Work instruction
For the records below, please print exactly and only the lines from the one with "River Vecht near Oud Zuilen" down to the one with "英語の不規則形容詞 副詞を暗記するための表を作ってみた 中村明裕 Note", both ends included, omitting the pictures.

The input
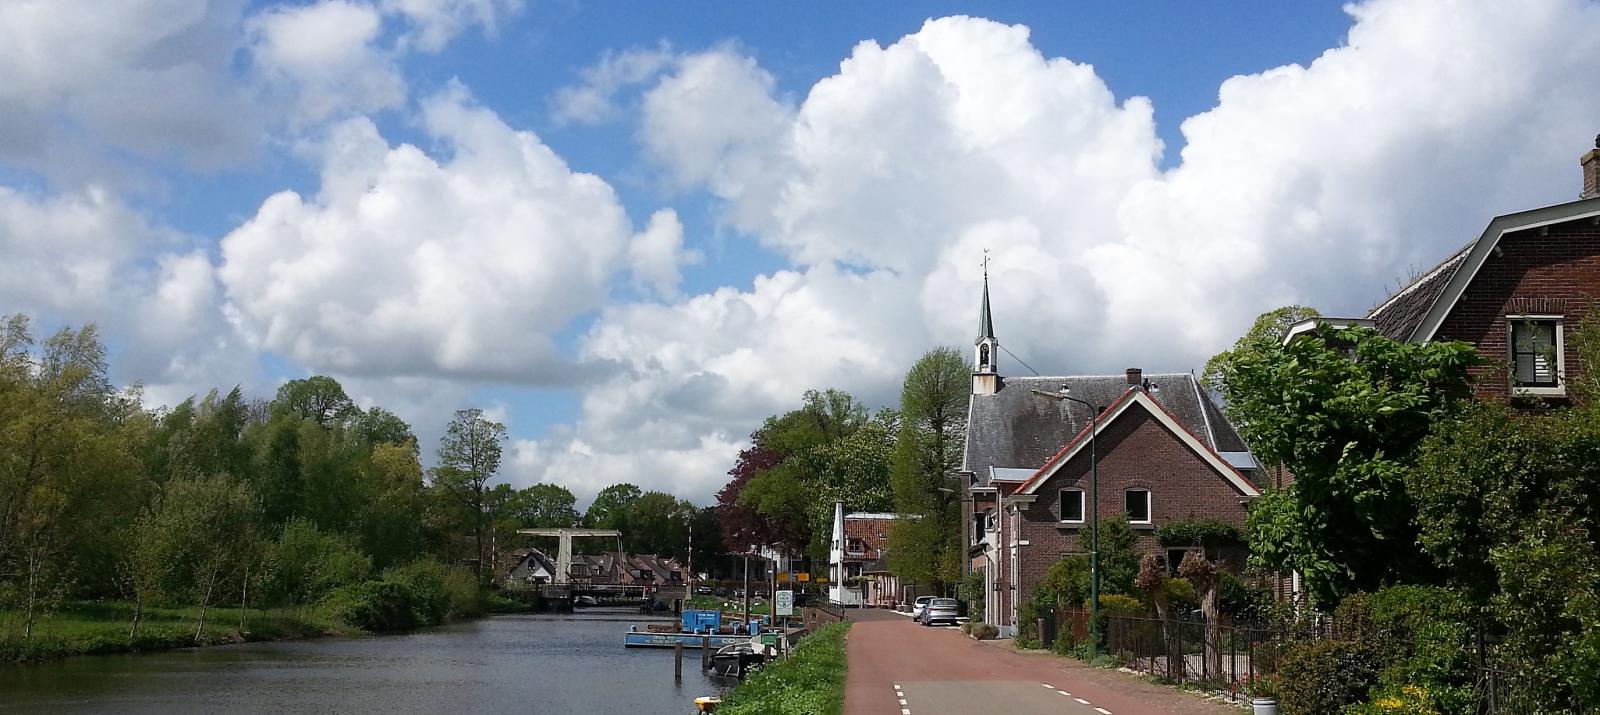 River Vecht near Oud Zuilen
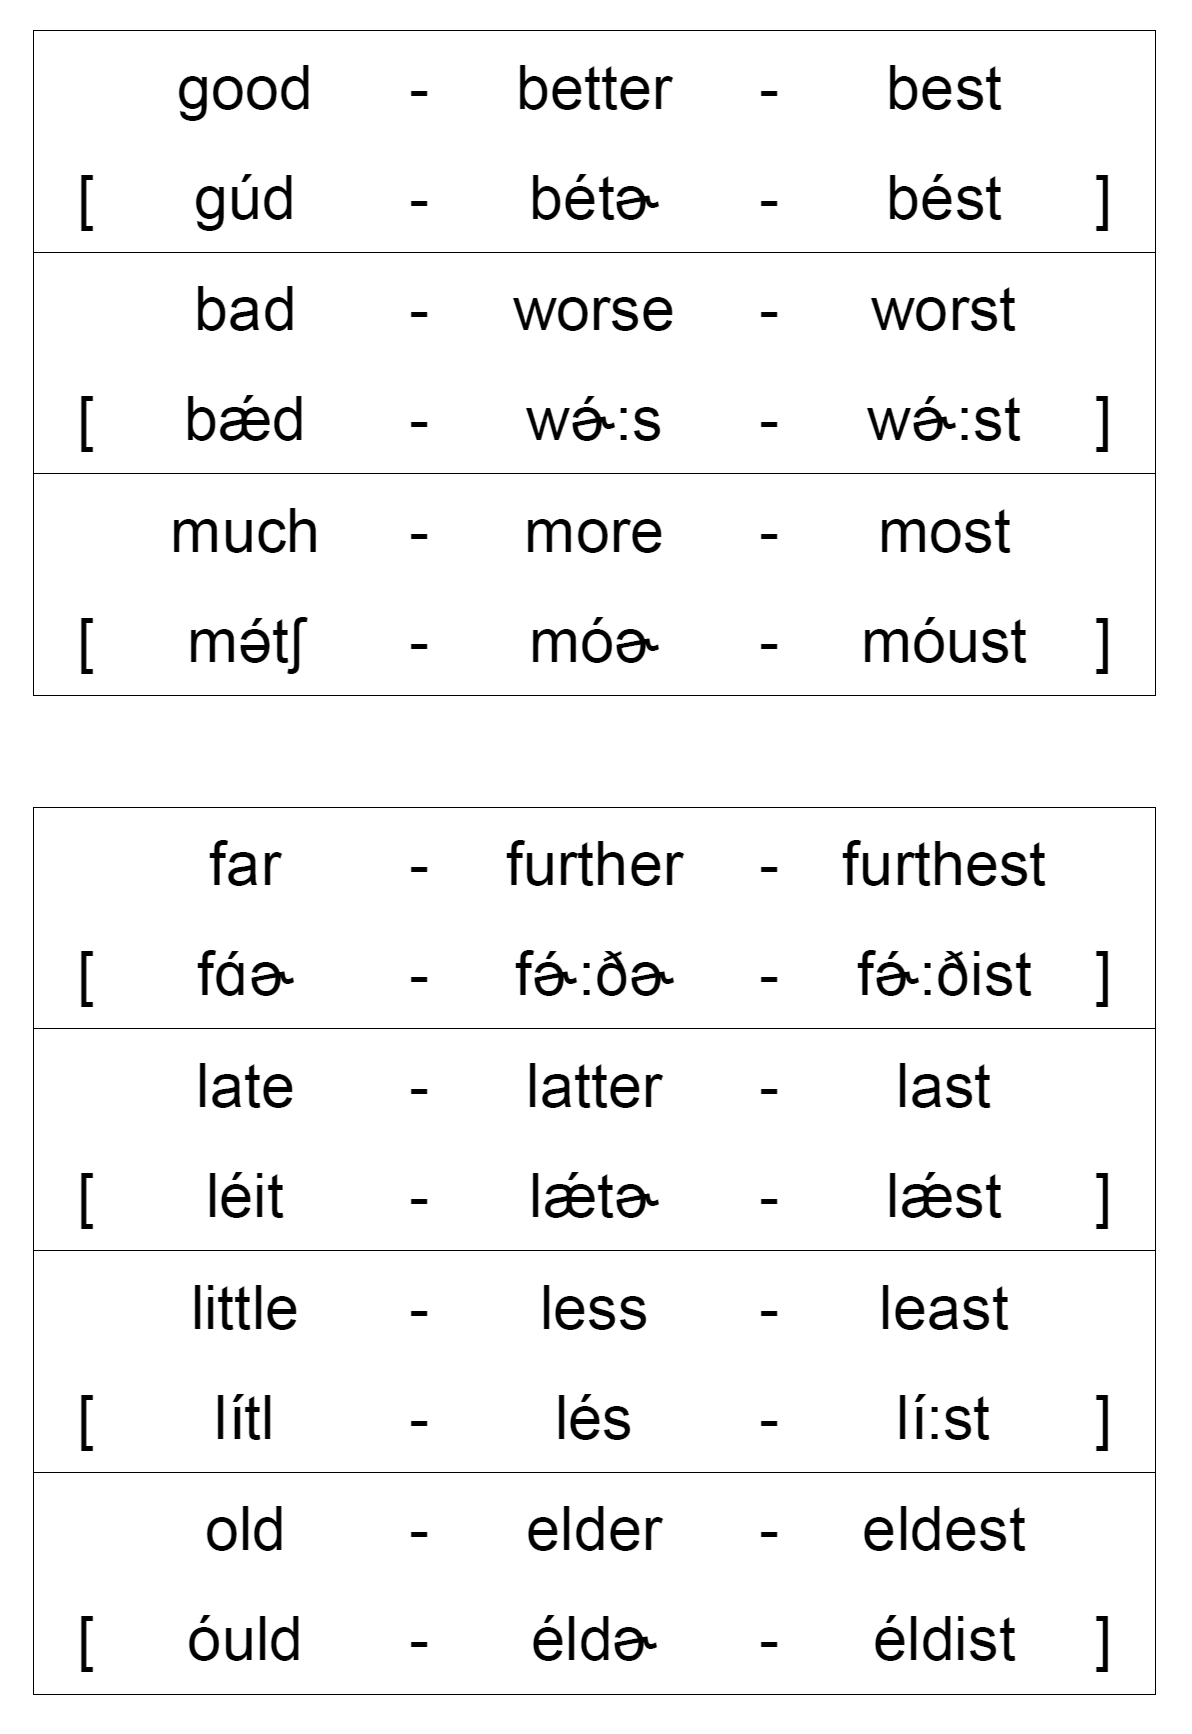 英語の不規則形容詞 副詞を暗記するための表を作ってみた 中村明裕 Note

...

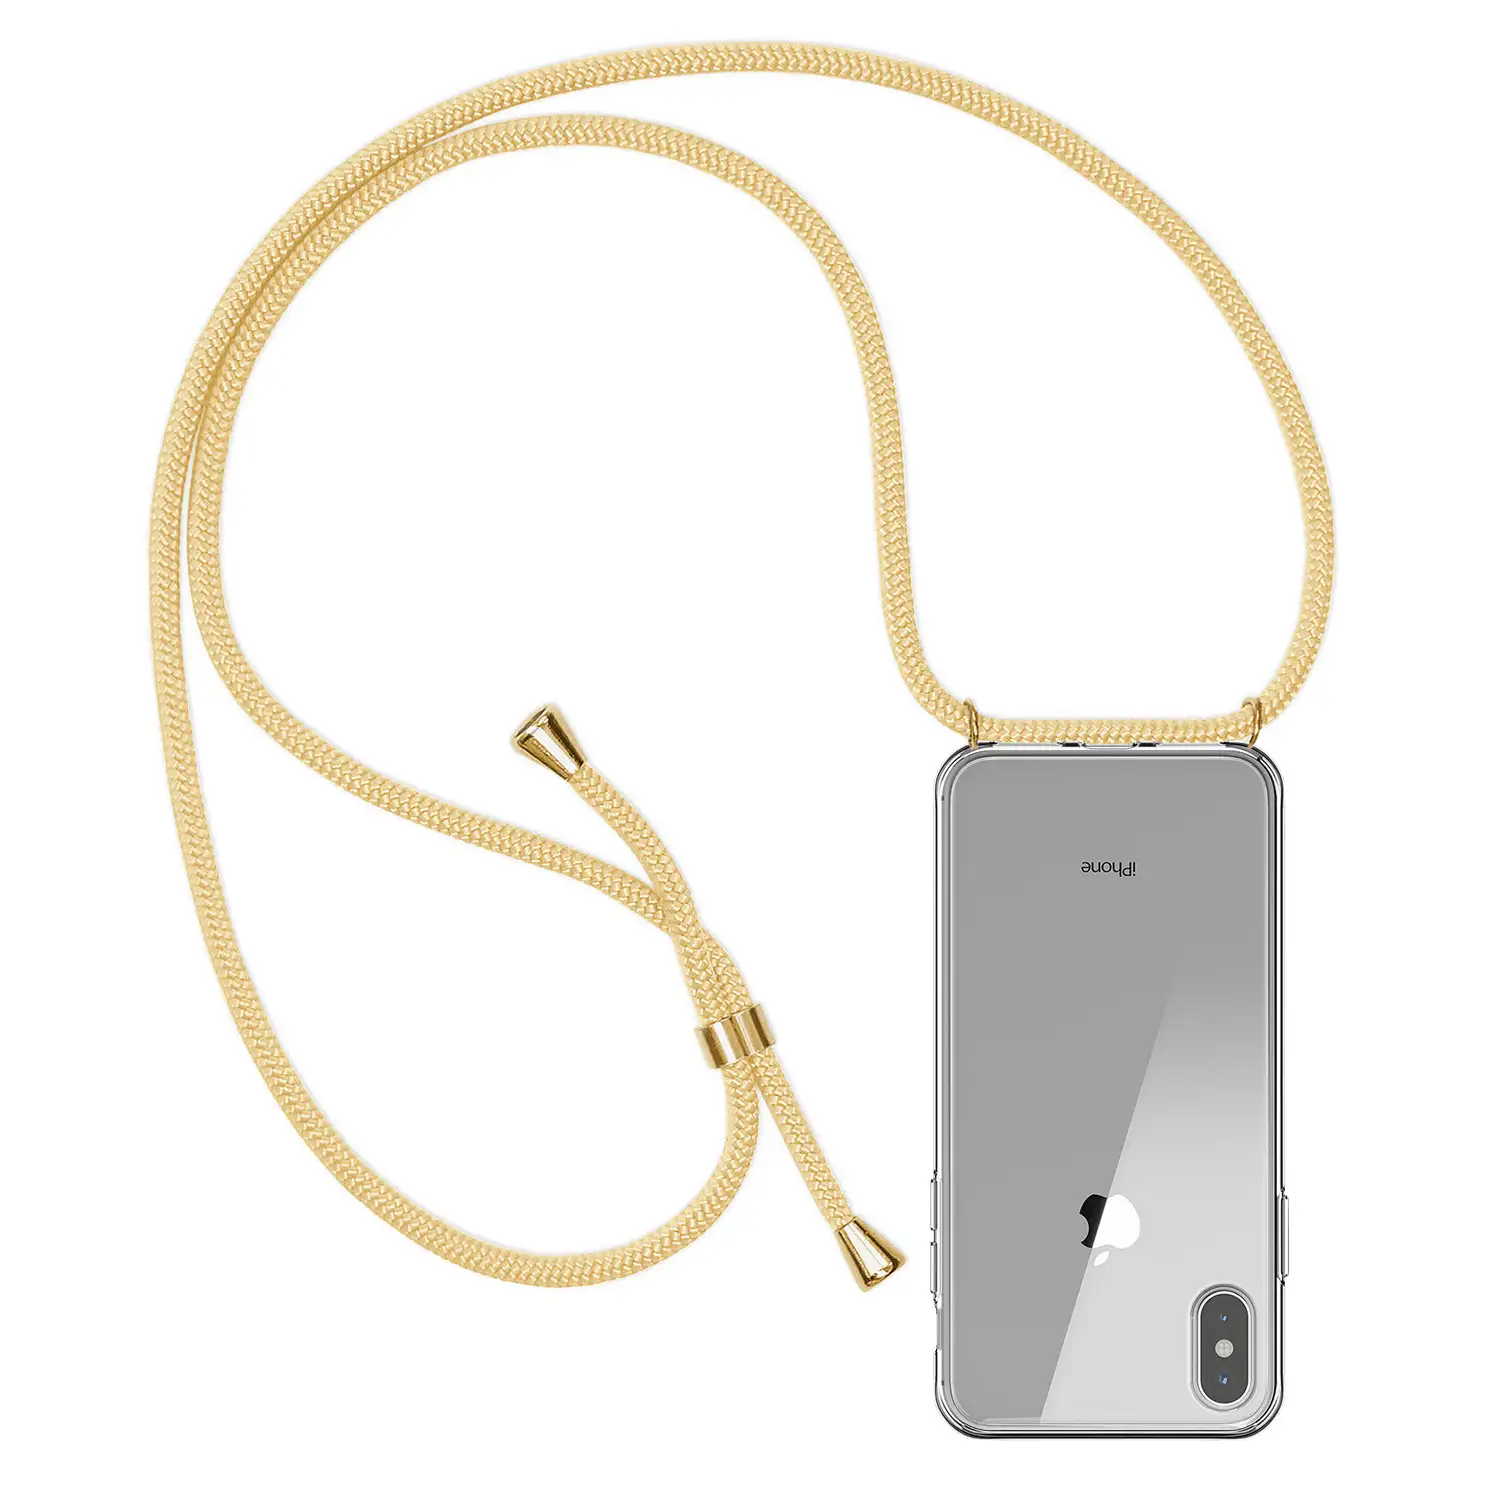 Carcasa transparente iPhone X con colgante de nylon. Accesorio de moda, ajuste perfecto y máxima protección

--

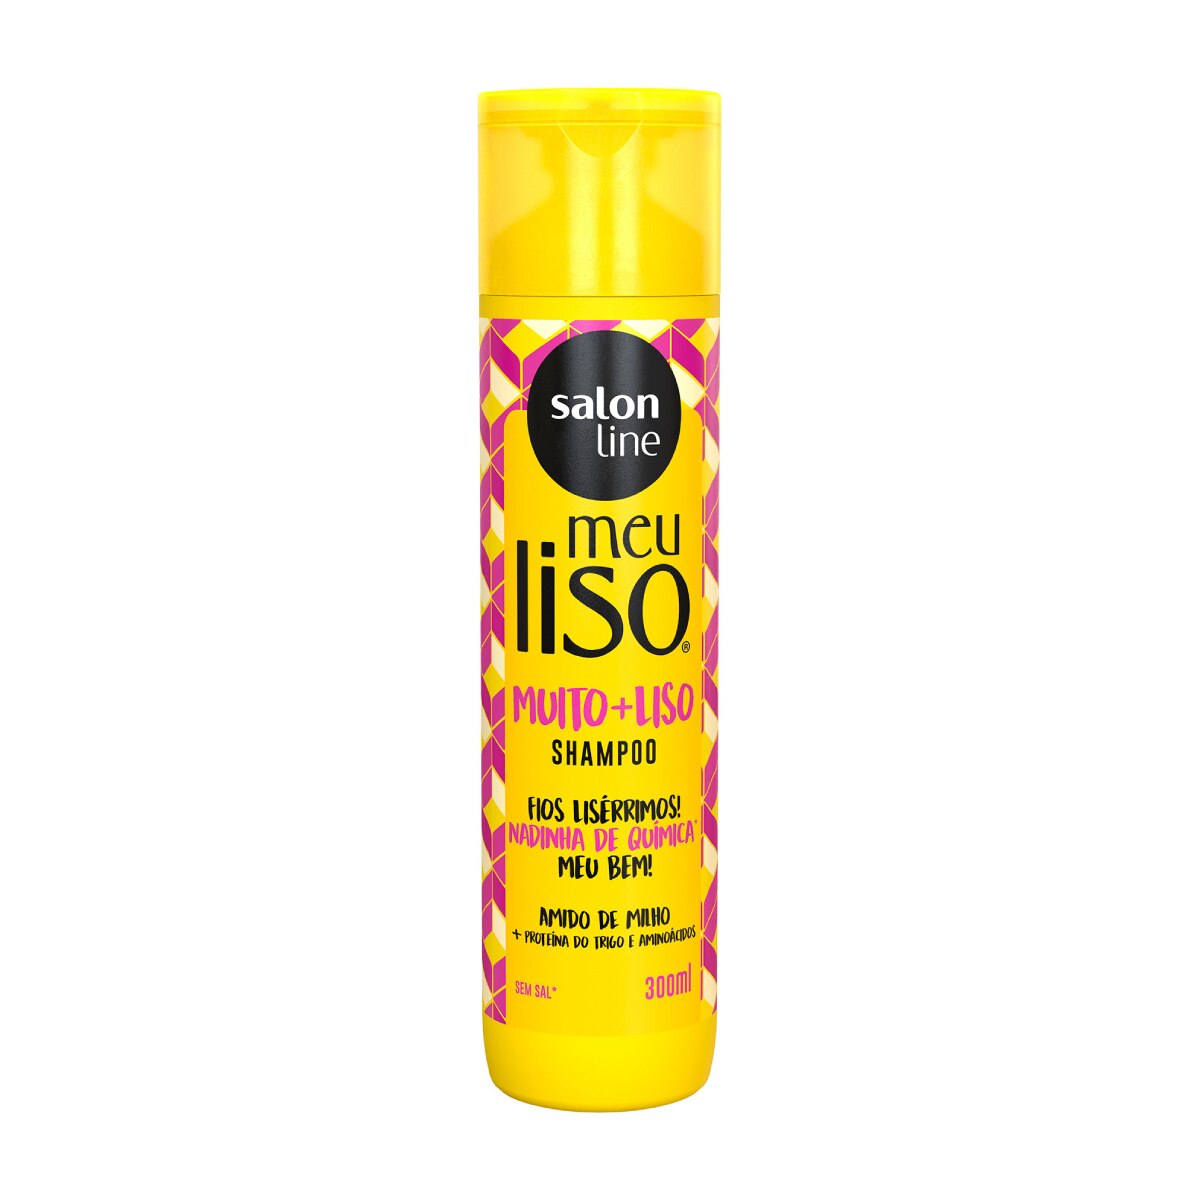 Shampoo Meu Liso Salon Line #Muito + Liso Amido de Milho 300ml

Task response
 River Vecht near Oud Zuilen
 英語の不規則形容詞 副詞を暗記するための表を作ってみた 中村明裕 Note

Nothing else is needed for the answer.